Your instructions:
Leave every image out, and return the rest of the data word for word.
=== Data for this task ===
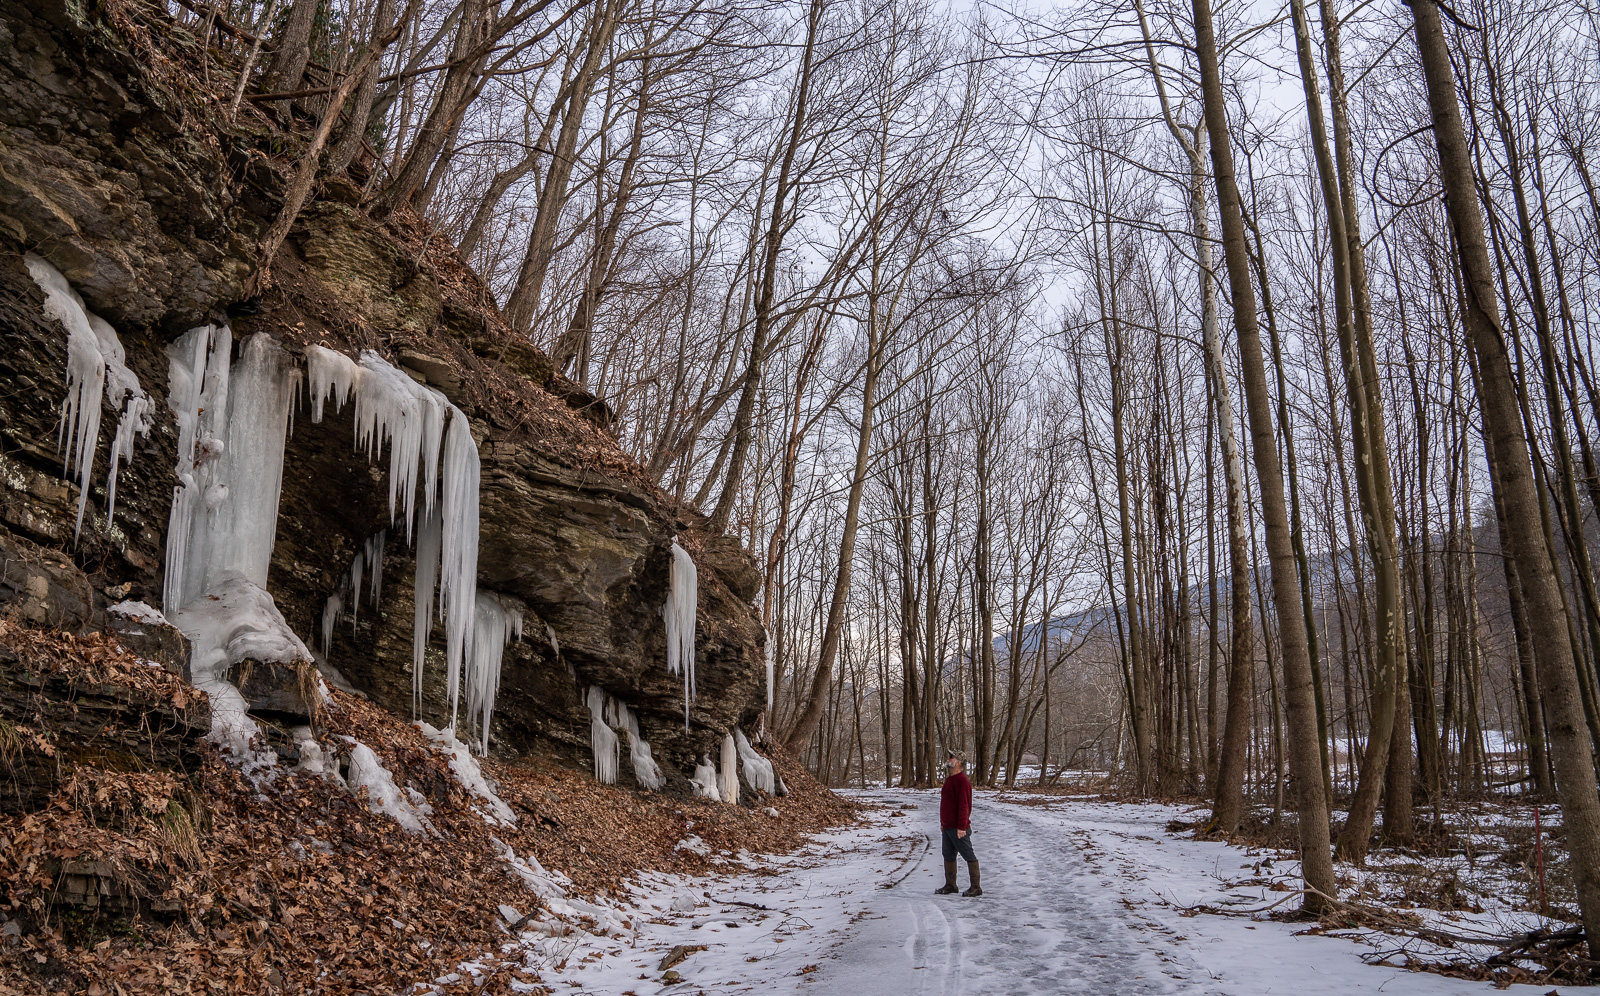 A man on an snow and ice covered trail looks up at bare tree branches and a small cliff face covered with icicles
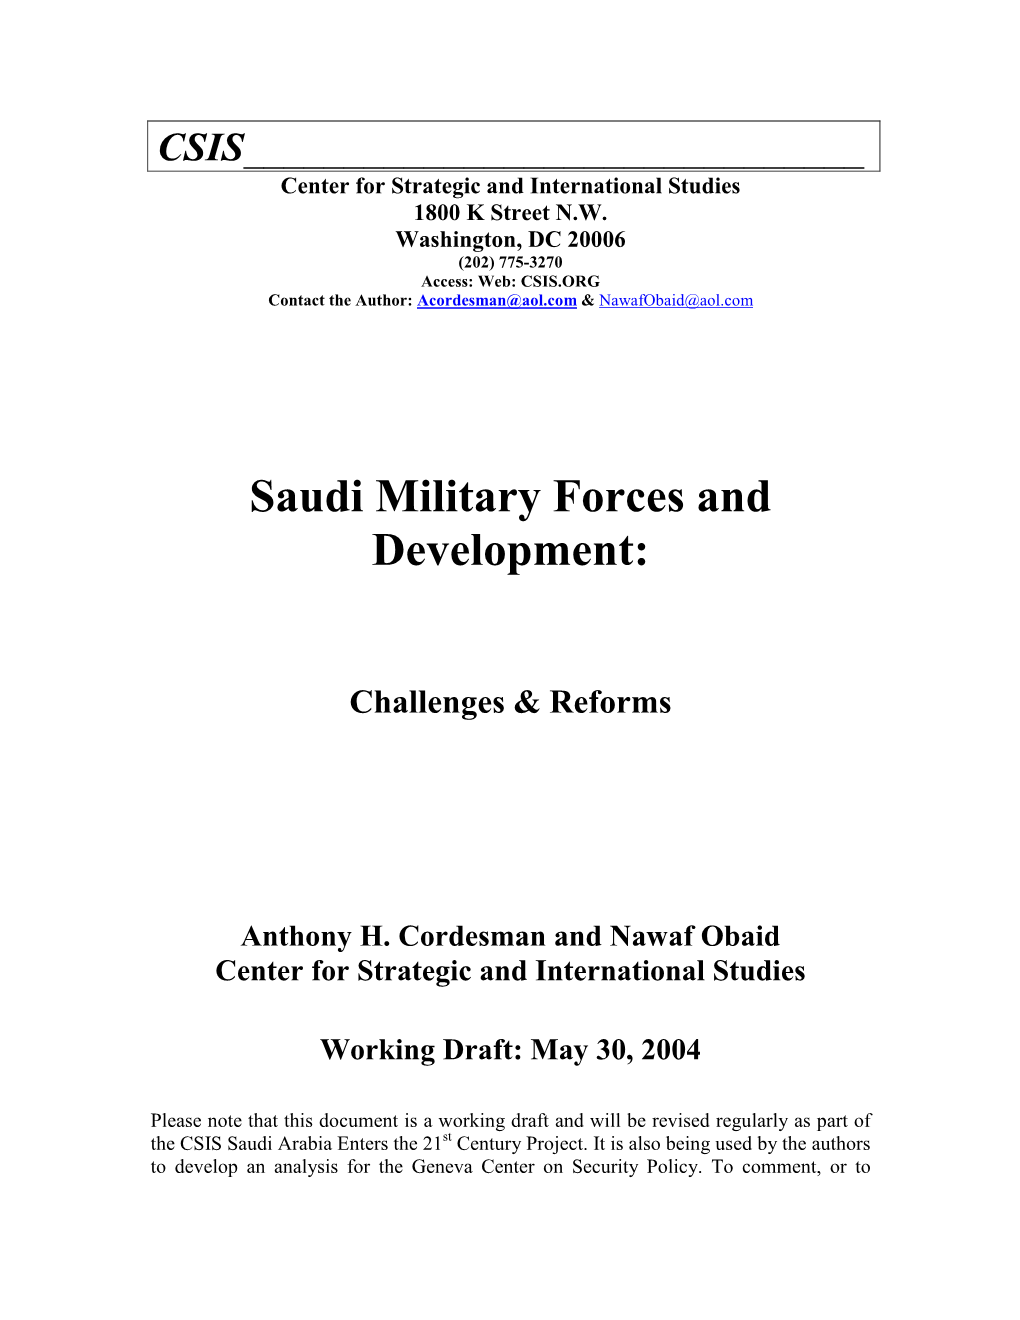 Saudi Military Forces and Development: Challenges & Reforms
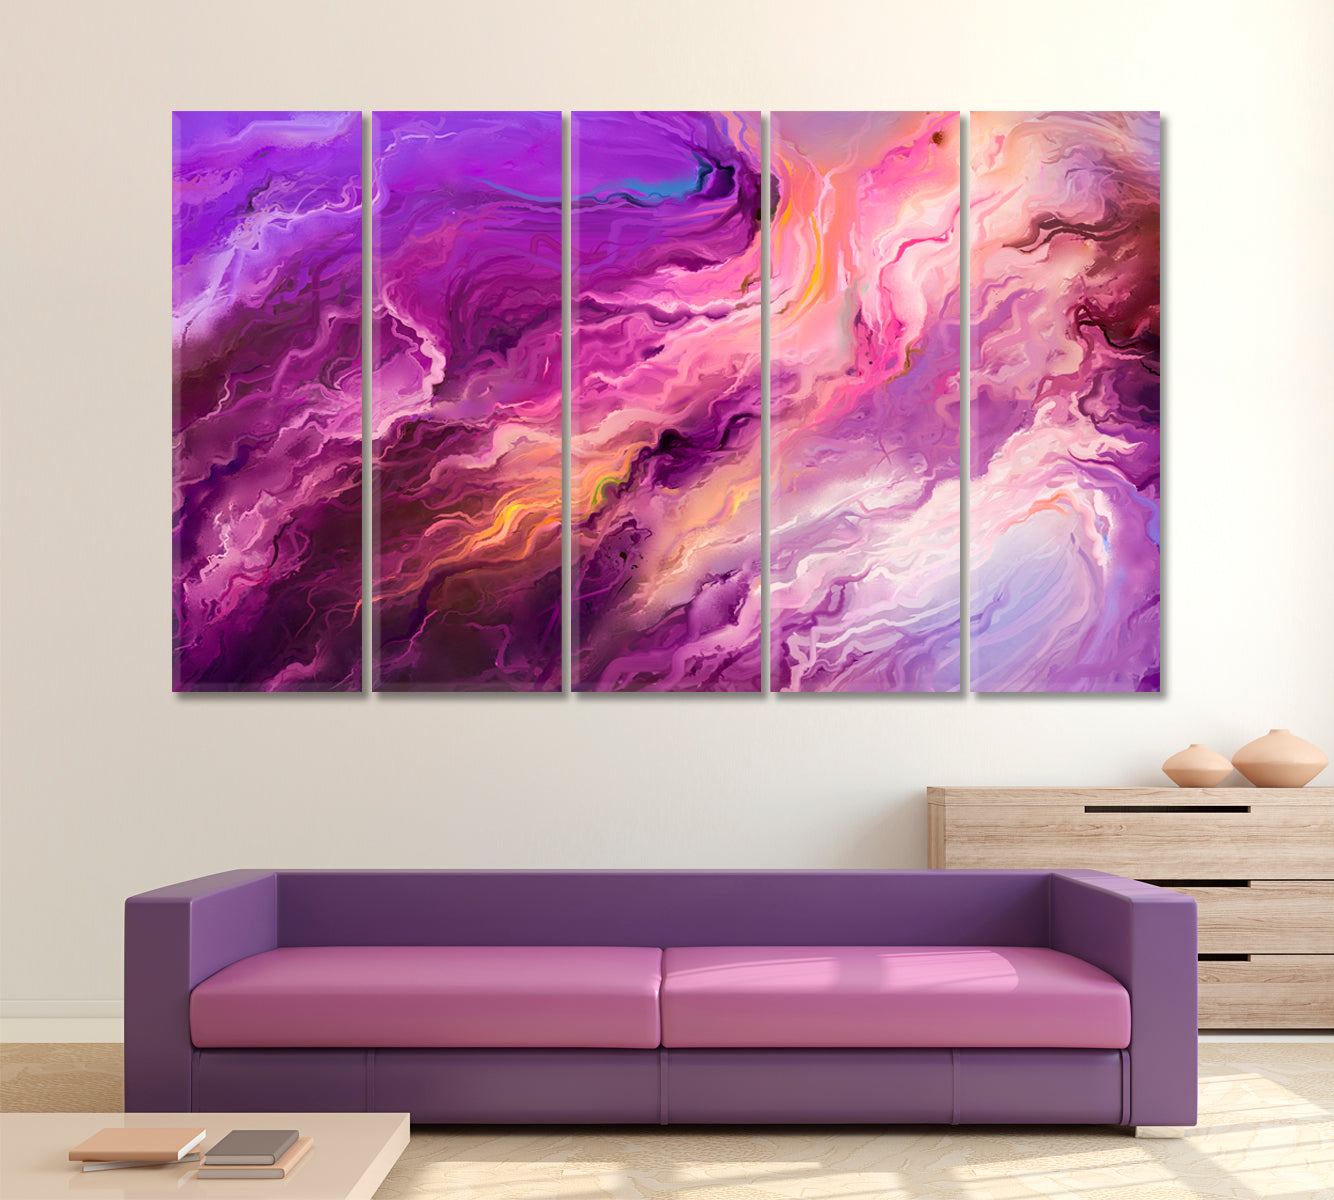 Abstract Contemporary Floating Swirls Abstract Art Print Artesty 5 panels 36" x 24" 
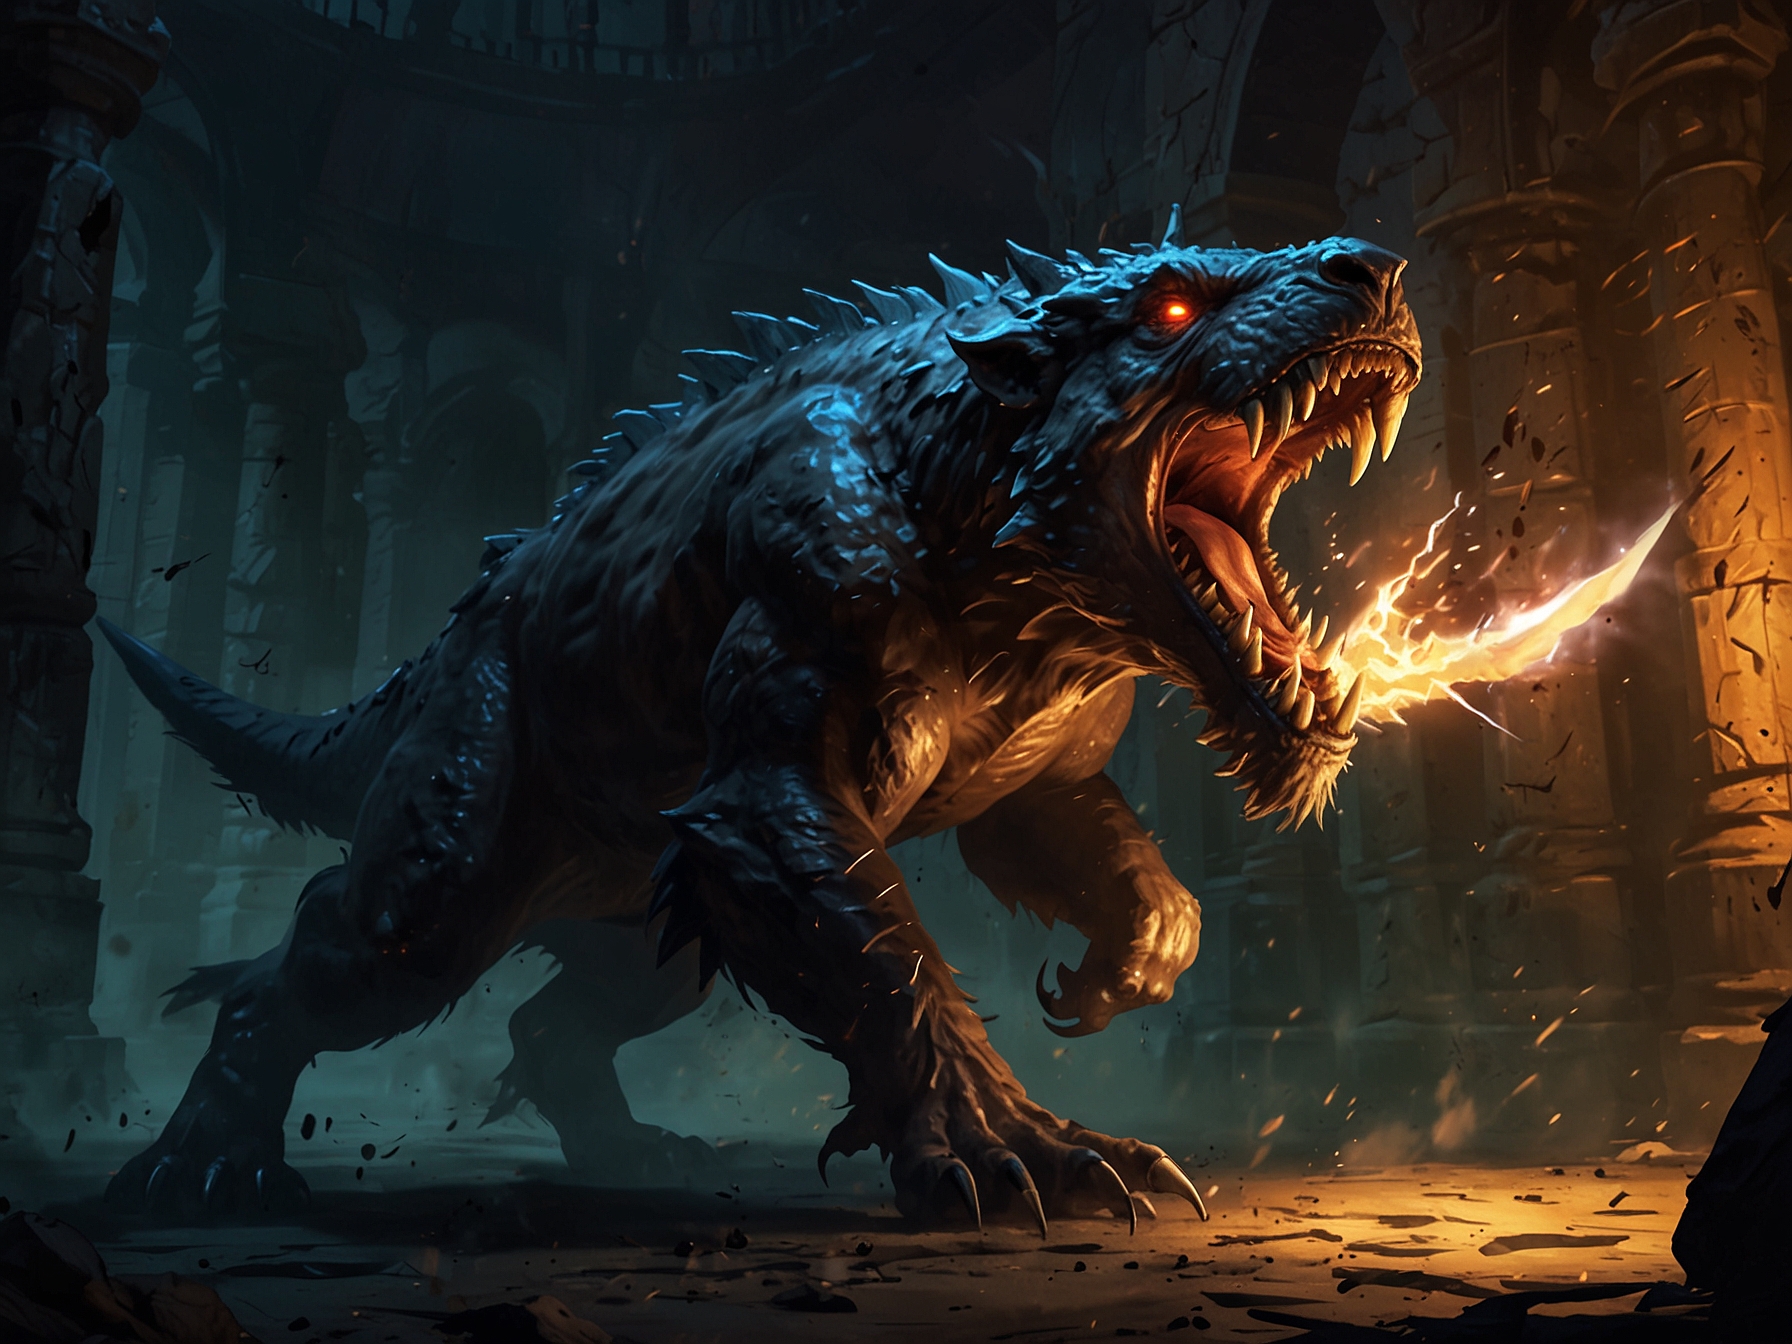 The intense battle with the Beastmaster mini-boss inside the Shadowed Crypts, featuring swift attacks and agile maneuvers as the player character wields the powerful Beast Claw weapon.
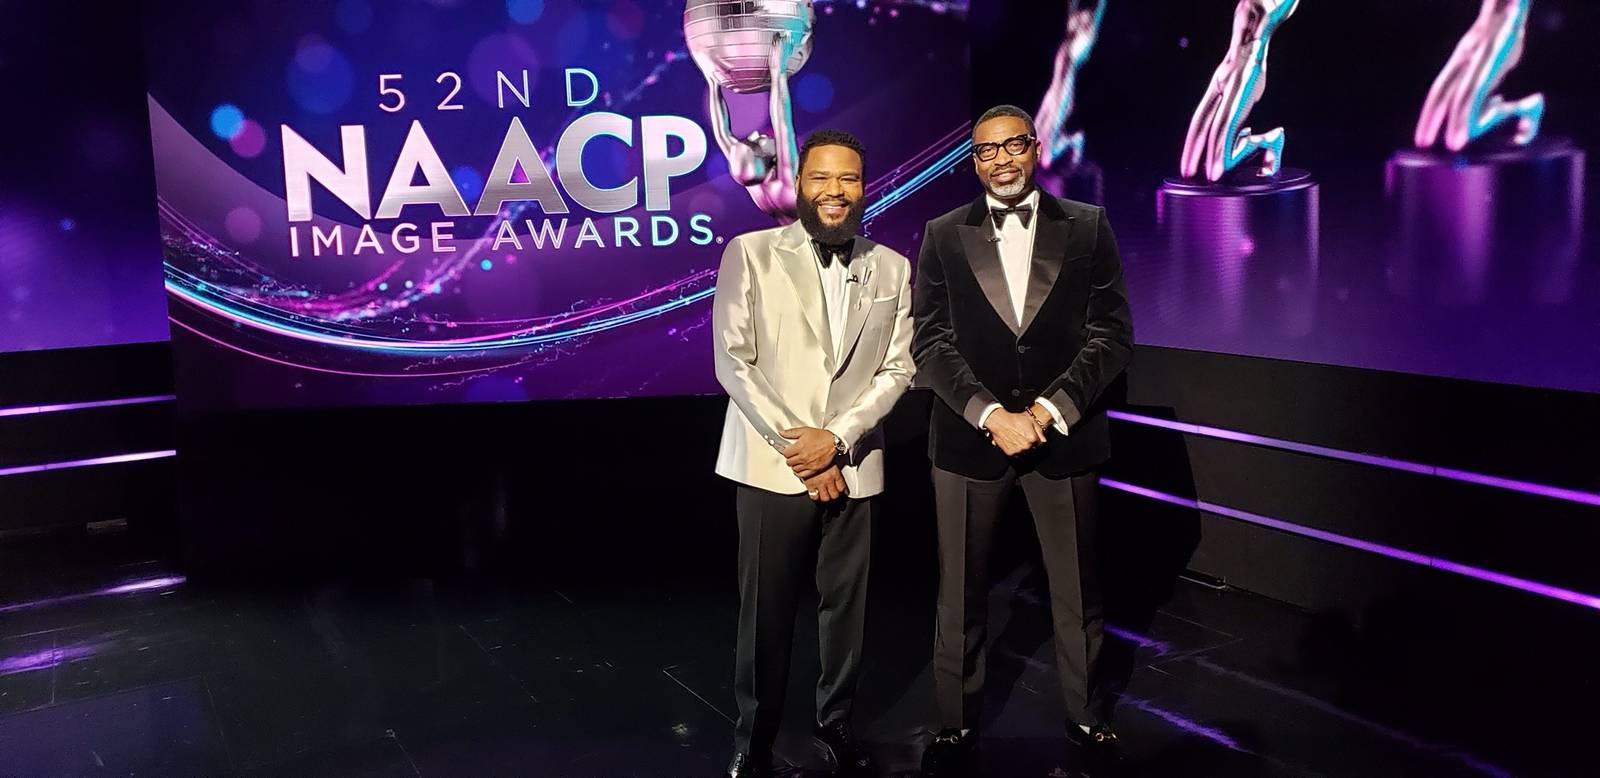 NAACP Image Awards 2021 See the complete list of winners 106.1 BLI
===
Solution for this task:
 A man on an snow and ice covered trail looks up at bare tree branches and a small cliff face covered with icicles
 Saudi Military Forces and Development: Challenges & Reforms
 Abstract Contemporary Floating Swirls Abstract Art Print Artesty 5 panels 36" x 24" 
 The intense battle with the Beastmaster mini-boss inside the Shadowed Crypts, featuring swift attacks and agile maneuvers as the player character wields the powerful Beast Claw weapon.
 NAACP Image Awards 2021 See the complete list of winners 106.1 BLI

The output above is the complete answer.